A revamped dress code in the Greater Victoria school district will be up for more debate before it can be approved.
Edith Loring-Kuhanga, chairwoman of the Greater Victoria school board, says trustees want more discussion and consultation on a revamped dress code.

A revamped dress code in the Greater Victoria school district will be up for more debate before it can be approved.

“Trustees felt that it needed to go back to committee and it needed to have more discussion and to include a broader base of consultation,” said school board chairwoman Edith Loring-Kuhanga.

It is primarily more input from parents that is being sought, she said.
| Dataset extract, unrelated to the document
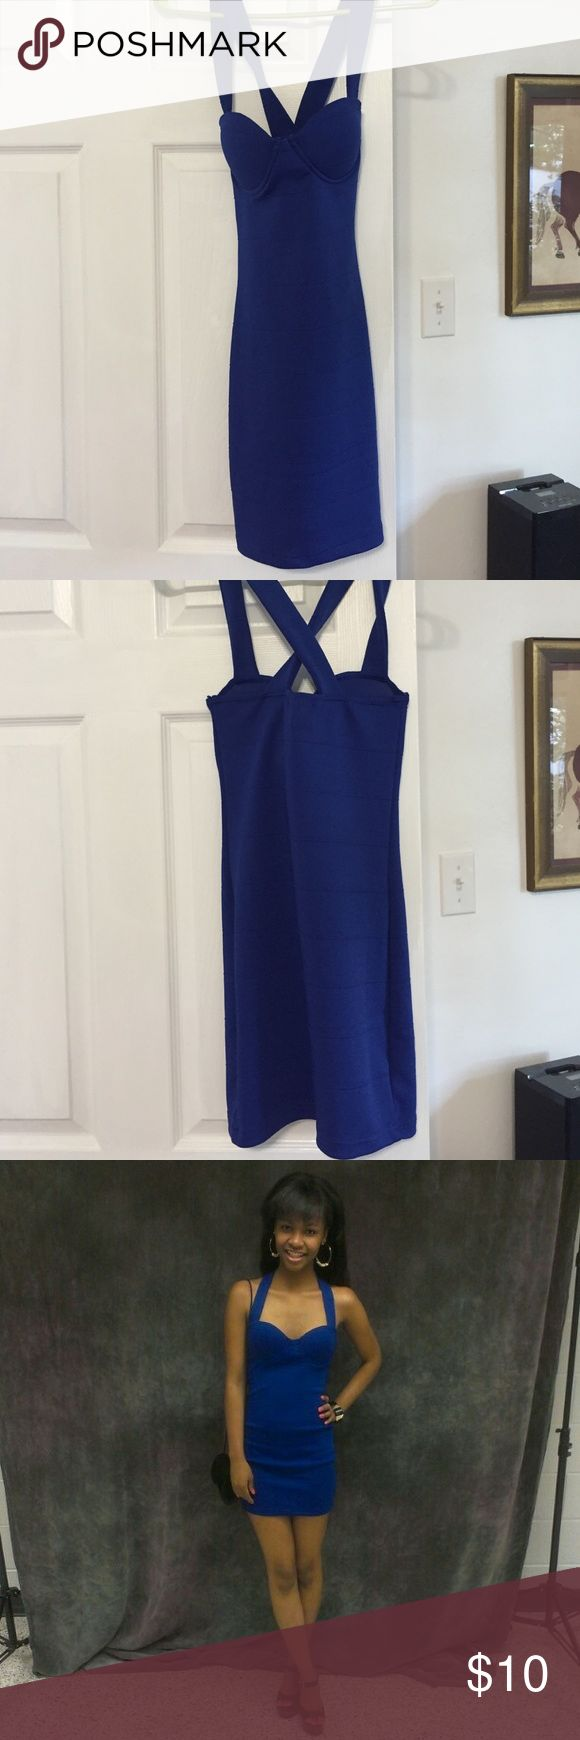 Dark blue, night out dress. Above the knee, dark blue dress for a night out. Cross back. Dresses Mini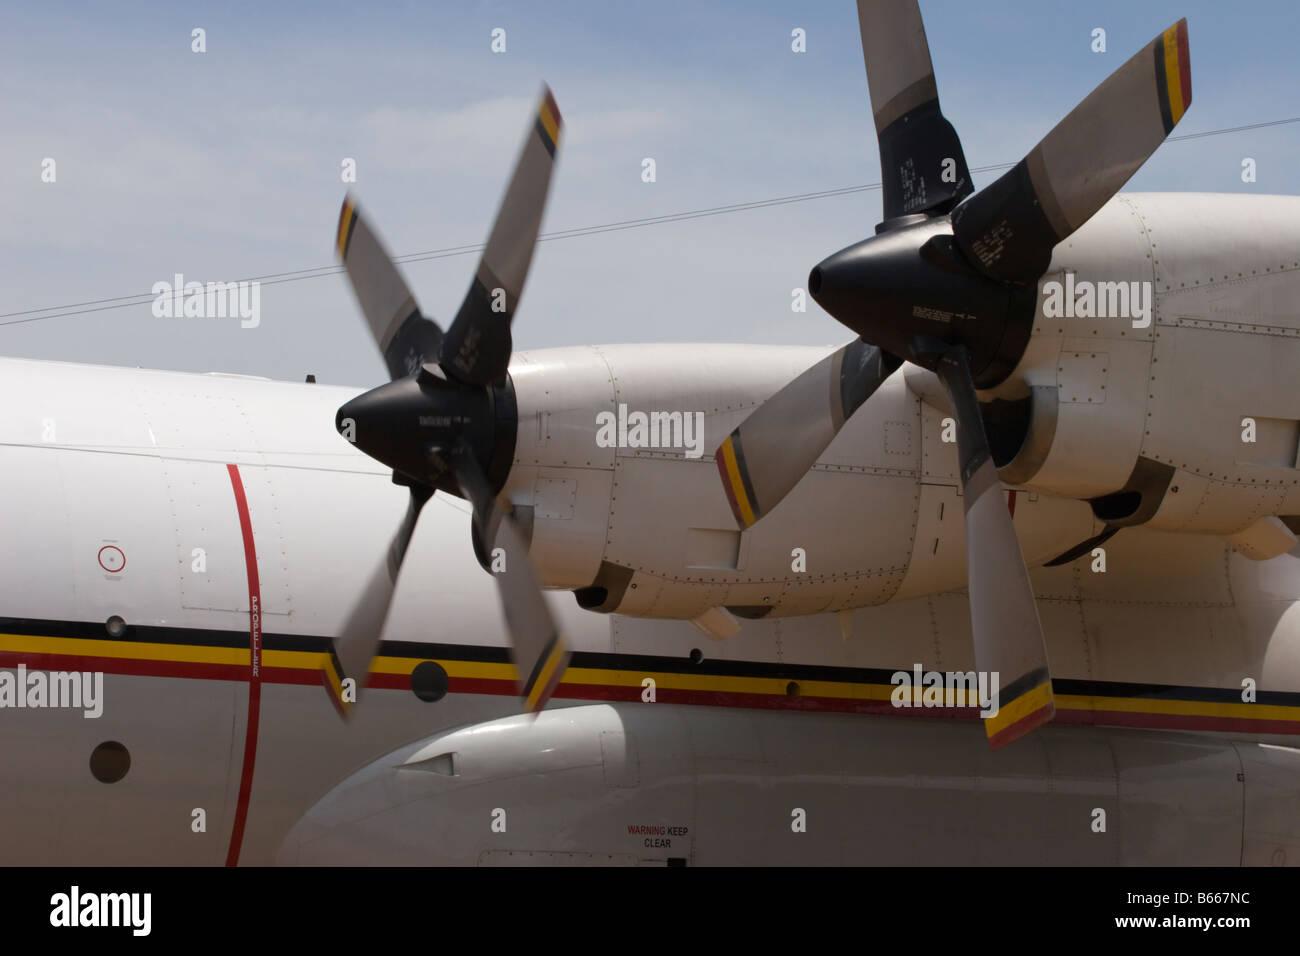 hercules aircraft locheed martin turboprop engines - Stock Image

Loring-Kuhanga said members of the public spoke both for and against the proposed guidelines at this week’s board meeting, with some feeling they were too broad and general.

The guidelines do not include specifics about what students can or cannot wear; instead, they say that “actions through verbal and non-verbal communication (including clothing)” must show support for the human-rights code.

They also say that schools have “a climate of understanding and mutual respect where all are equal in dignity and rights.”

The guidelines are intended to be included in codes of conduct already in place at schools.

Parent Tasha Diamant told board trustees that they should pass the code as written, saying that the linking of the guidelines with the B.C. Human Rights Code “makes perfect sense.”

Diamant said it is important that whatever comes out of the process includes “being sensitive to individuals’ concerns.”

“We want our children to come away having a positive experience and feeling welcome and included.”

She said dress codes tend to “single girls out” by putting more attention on what they wear than on boys’ clothing.

Audrey Smith, president of the Victoria Confederation of Parent Advisory Councils, said there hasn’t yet been an official parent representative involved in discussions about the dress code.

“Overall, the general sense that I’m getting from parents is that yes, a dress code of a sort is important.”

Loring-Kuhanga said the topic of the dress code arose last year during discussion about issues such as gender equity and gender neutrality.

“That’s where it all started because then people started talking about the dress code and whether kids have to conform to a certain dress code.”